Artificial Intelligence (AI) has entered our daily lives like never before and we are yet to unravel the many other ways in which it could flourish. All tech giants such as Microsoft, Uber, Google, Facebook, Apple, Amazon, Oracle, Intel, IBM or Twitter are competing in the race to lead the market and acquire the most innovative and promising AI businesses. AI is already being used in everyday life with applications including speech recognition, smart cars, fraud detection, security surveillance, music recommendations and AI-powered personal virtual assistant such as Cortana (Microsoft), Siri (Apple) or Alexa (Amazon).
Discussions on AI are generally dappled with the terms, ‘Machine Learning’ and ‘Deep Learning’. Moreover, they are often interchangeably used. Though they are closely related to each other, they have different meanings. This article will go through such differences and illustrate what is artificial intelligence machine learning and deep learning and also point out how they are interconnected to each other.
According to the father of Artificial Intelligence, John McCarthy, it is “The science and engineering of making intelligent machines, especially intelligent computer programs.” Artificial Intelligence is a way of making a computer, a computer-controlled robot, or a software think intelligently, in the similar manner the intelligent humans think. While exploiting the power of the computer systems, the curiosity of human, lead him to wonder, “Can a machine think and behave like humans do?”
Thus, the development of AI started with the intention of creating similar intelligence in machines that we find and regard high in humans.
Knowledge engineering is a core part of AI research. Machines can often act and react like humans only if they have abundant information relating to the world. Artificial intelligence must have access to objects, categories, properties and relations between all of them to implement knowledge engineering. Initiating common sense, reasoning and problem-solving power in machines is a difficult and tedious approach.
The phrase ‘machine learning’ dates back to the middle of the last century where Arthur Samuel in 1959 defined machine learning as “the ability to learn without being explicitly programmed.”
Machine learning is a type of AI that facilitates a computer’s ability to learn and essentially teach itself to evolve as it becomes exposed to new and ever-changing data. For example, Facebook’s news feed uses machine learning in an effort to personalize each individual’s feed based on what they like. The main elements of traditional machine learning software are statistical analysis and predictive analysis used to spot patterns and find hidden insights based on observed data from previous computations without being programmed on where to look.

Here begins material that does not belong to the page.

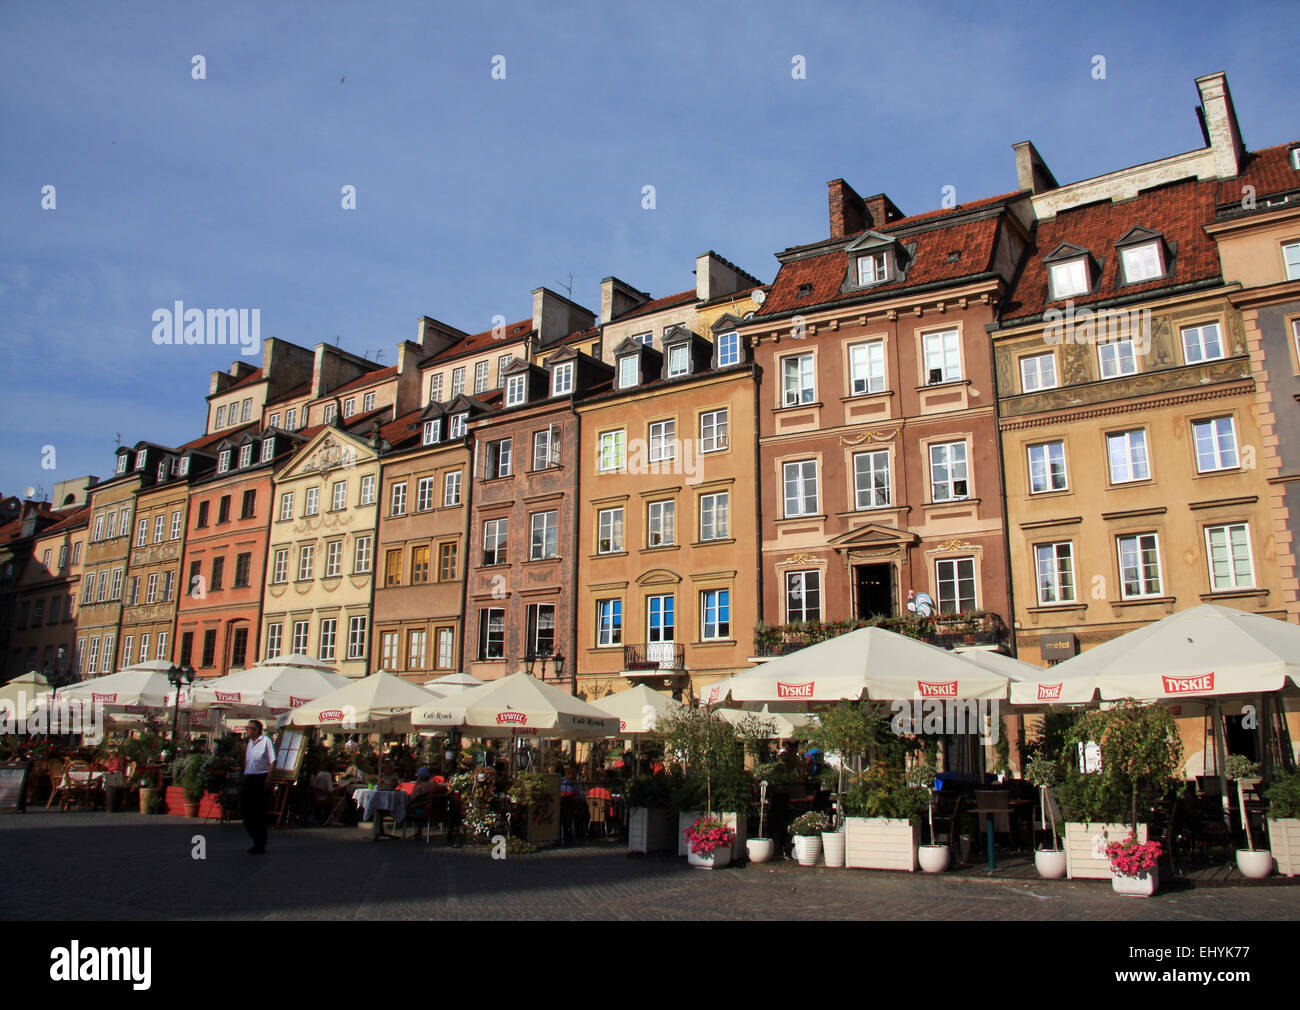 Polen, Warschau, Europa, Altstadt, Unesco, Weltkulturerbe, Marktplatz Rynek Ehren Miasta, Häuser, Wohnungen, Fassaden Stockfoto

Machine learning has truly evolved over the years by its ability to sift through complex and Big Data. Many may be surprised to know that they encounter machine learning applications in their everyday lives through streaming services like Netflix and social media algorithms that alert to trending topics or hashtags. Feature extraction in machine learning requires a programmer to tell the computer what kinds of things it should be looking for that will be formative in making a decision, which can be a time-consuming process. This also results in machine learning having decreased accuracy due to the element of human error during the programming process.
Deep Learning is a new area of machine learning research, which has been introduced with the objective of moving machine learning closer to artificial intelligence.
It relates to study of ‘deep neural networks’ in the human brain and, under this perspective, the deep learning tries to emulate the functions of inner layers of the human brain, creating knowledge from multiple layers of information processing. Since the deep learning technology is modelled after the human brain, each time new data is poured in, its capabilities get better.
Under the deep learning paradigm, essentially the machine is ‘trained’ using large amounts of data and algorithms to give it the ability to learn how to perform the task. This data is fed through neural networks which ask a series of binary true/false questions or numerical values, of every bit of data which pass through them, and classify it according to the answers received.
Today, image recognition by machines trained via deep learning, in some scenarios is better than humans, and that ranges from cats to identifying indicators for cancer in blood and tumors in MRI scans. Back to some lines ago, Google’s AlphaGo learned the game, and trained for its Go match — it tuned its neural network — by playing against itself over and over and over.